Maternal active smoking is a well-established risk factor for PTD, and it accounts for about 14% of all PTDs [16]. But only a relatively small proportion of smoking pregnant women end with PTD, which may be explained by the substantial variability in genetic susceptibility across individuals. Some evidences show that gene polymorphism in cytochrome P4501A1 (CYP1A1) and glutathione S-transferases (GSTs) may modify the link between maternal active smoking and PTD [17]. CYP1A1 is one of cytochrome P450 (CYP450) family genes that are responsible for phase I detoxication by converting exogenous exposures, e.g. tobacco compounds, into intermediate metabolites. CYP1A1 mutation can lead to higher enzyme activity. GSTs are one of phase II detoxication enzymes that protect cells from toxicants by conjugation with glutathione. Inherited homozygous deletion of GSTs genes can result in lack of phase II detoxification activity [18], [19], [20], which thus increases the accumulation of intermediate metabolites of exogenous in human body. Limited researches focused on the gene (CYP1A1, GSTs)-maternal active smoking on the risk PTD yielded inconsistent findings [17], [21], [22].
Passive smoking is one of the most important public health problems in many developing countries, such as China, where many non-smoking pregnant women are exposed to environmental tobacco smoke at home, workplace, and public places [23]. Perera et al. found the levels of serum cotinine and DNA adducts in passive smoking mothers were significantly higher than those in non-passive smoking mothers [24]. Some previous studies, all done in developed countries, suggest that maternal passive smoking may shorten gestational age and thus increase the risk of PTD [23]. It is unclear whether this association holds in pregnant women in developing countries. Moreover, little is known about the potential interaction between maternal passive smoking and genes (CYP1A1, GSTs) polymorphisms in the risk of PTD.
Therefore, the present study aimed to fill these important research gaps in this filed. Specially, we had 2 objectives in this study: 1) to examine the association between maternal passive smoking during pregnancy and the risk of spontaneous PTD among Chinese pregnant women; 2) to explore the potential interaction between the single or joint gene polymorphism of CYP1A1 and GSTs with maternal passive smoking on the risk of spontaneous PTD.
Materials and Methods
Study Population
We conducted a case-control study from September 2009 to March 2011 at two Women and Children’s Hospitals at Shenzhen and Foshan, Guangdong Province, China. Figure 1 shows the flow chart of our study participants flowchart was listed in figure 1. A total of 379 preterm (gestational age <37 full weeks) babies were born in these two hospitals during the study period. Among them, 223 spontaneous singleton babies were eligible for this study (see below). Finally, 198 (88.8%) mothers of 223 eligible babies agreed to participate in the study and were included as cases. We randomly selected controls from those mothers who delivered term singleton babies (gestational age 37–42 full weeks) with normal birth weight (2500–4000 g) in the same hospital. To increase the comparability, we matched 563 eligible controls with eligible cases by delivery date (+/−3 days). Among them, 524 (93.1%) mothers of the controls agreed to participate in this study. We approached participating mothers within 12–36 hours after delivery.

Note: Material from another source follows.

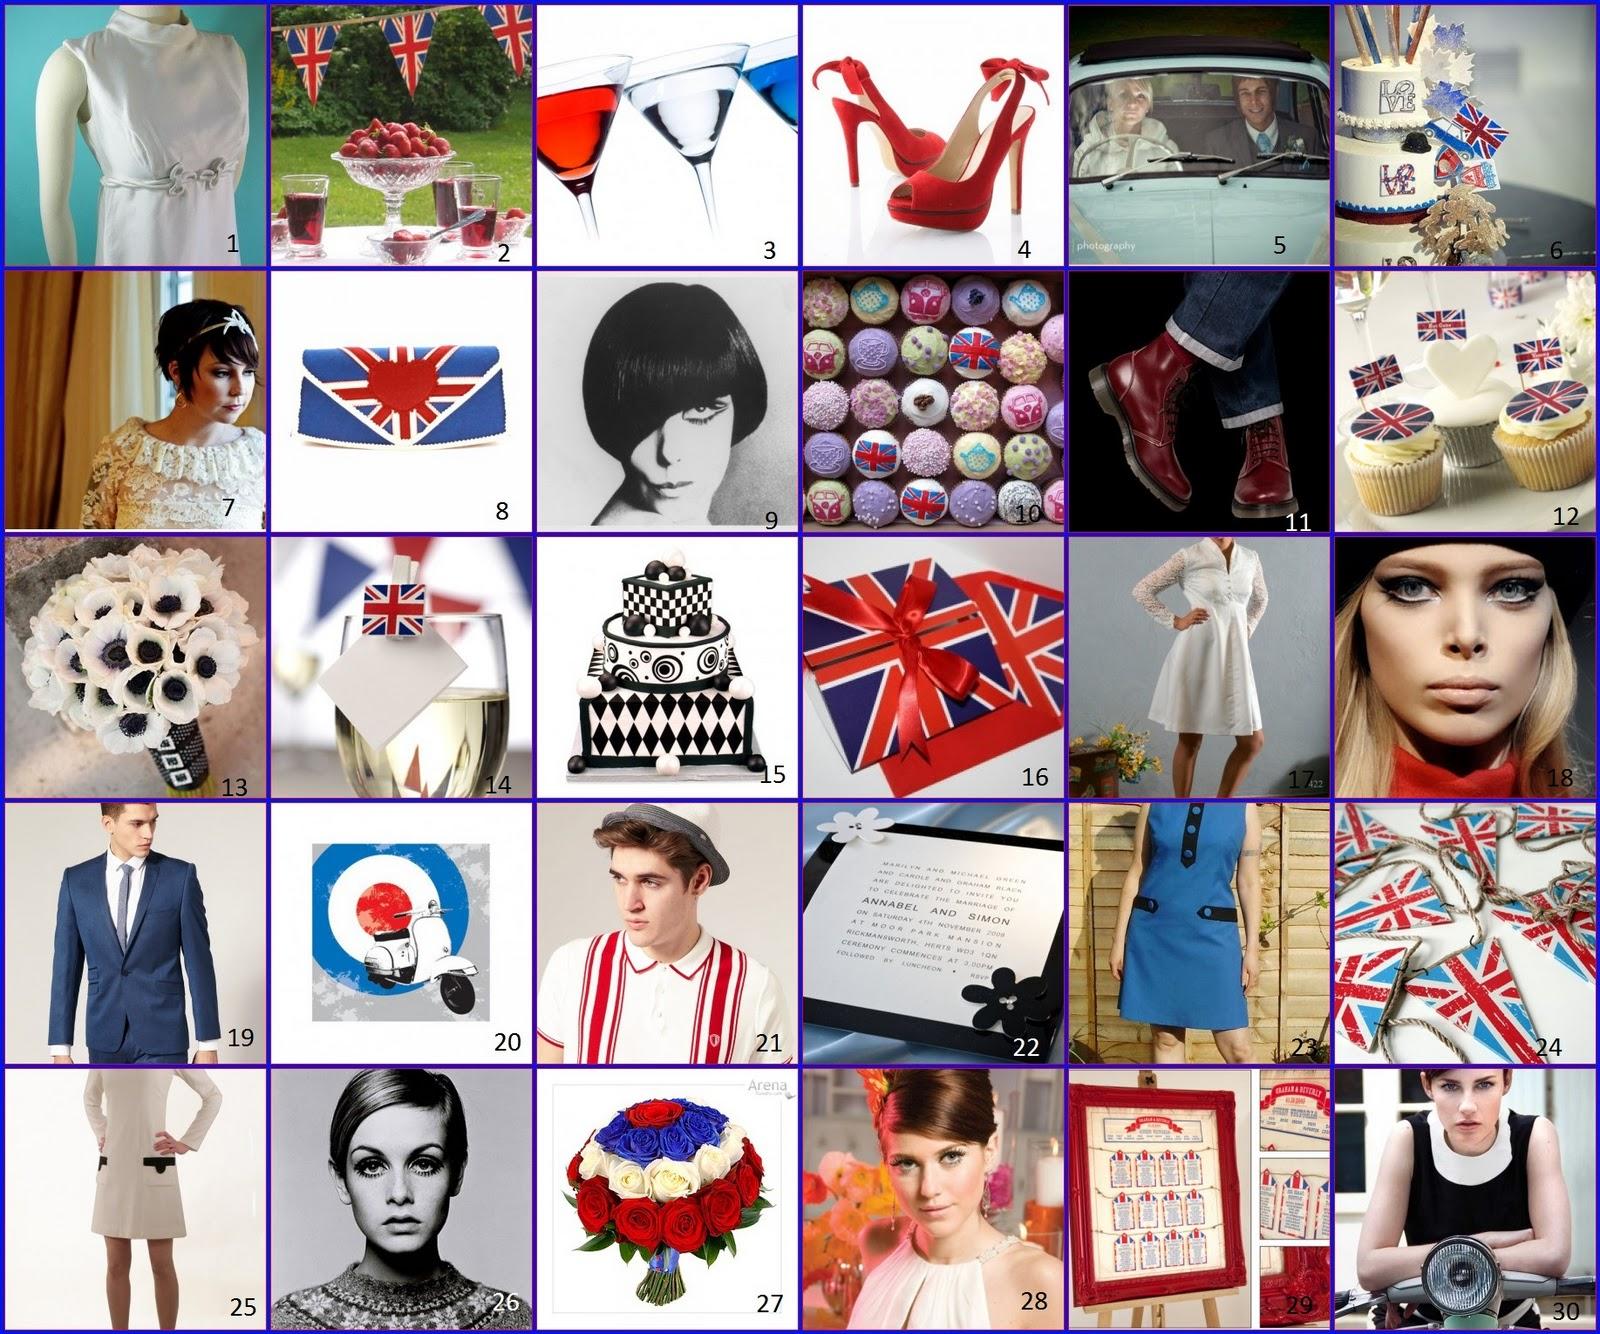 http://1.bp.blogspot.com/-6xh7H7jdC6I/TZHLSllch3I/AAAAAAAAAJM/w6WERKvTmWA/s1600/Mod+board1.jpg

For the purpose of this study, we excluded the preterm babies whose mothers: 1) actively smoked cigarettes during pregnancy (n = 2); 2) had one or more pre-existing chronic conditions, including heart failure, chronic renal diseases, lung diseases, diabetes, hypertension, hyperthyroidism, Mediterranean anemia etc. (n = 24); 3) had induced or accidental abortion (n = 23); 4) had multiple births or newborns with birth defects (n = 32); or 5) had medically indicated PTD due to obstetric complications, such as severe preeclampsia, antepartum hemorrhage, placenta previa etc (n = 75).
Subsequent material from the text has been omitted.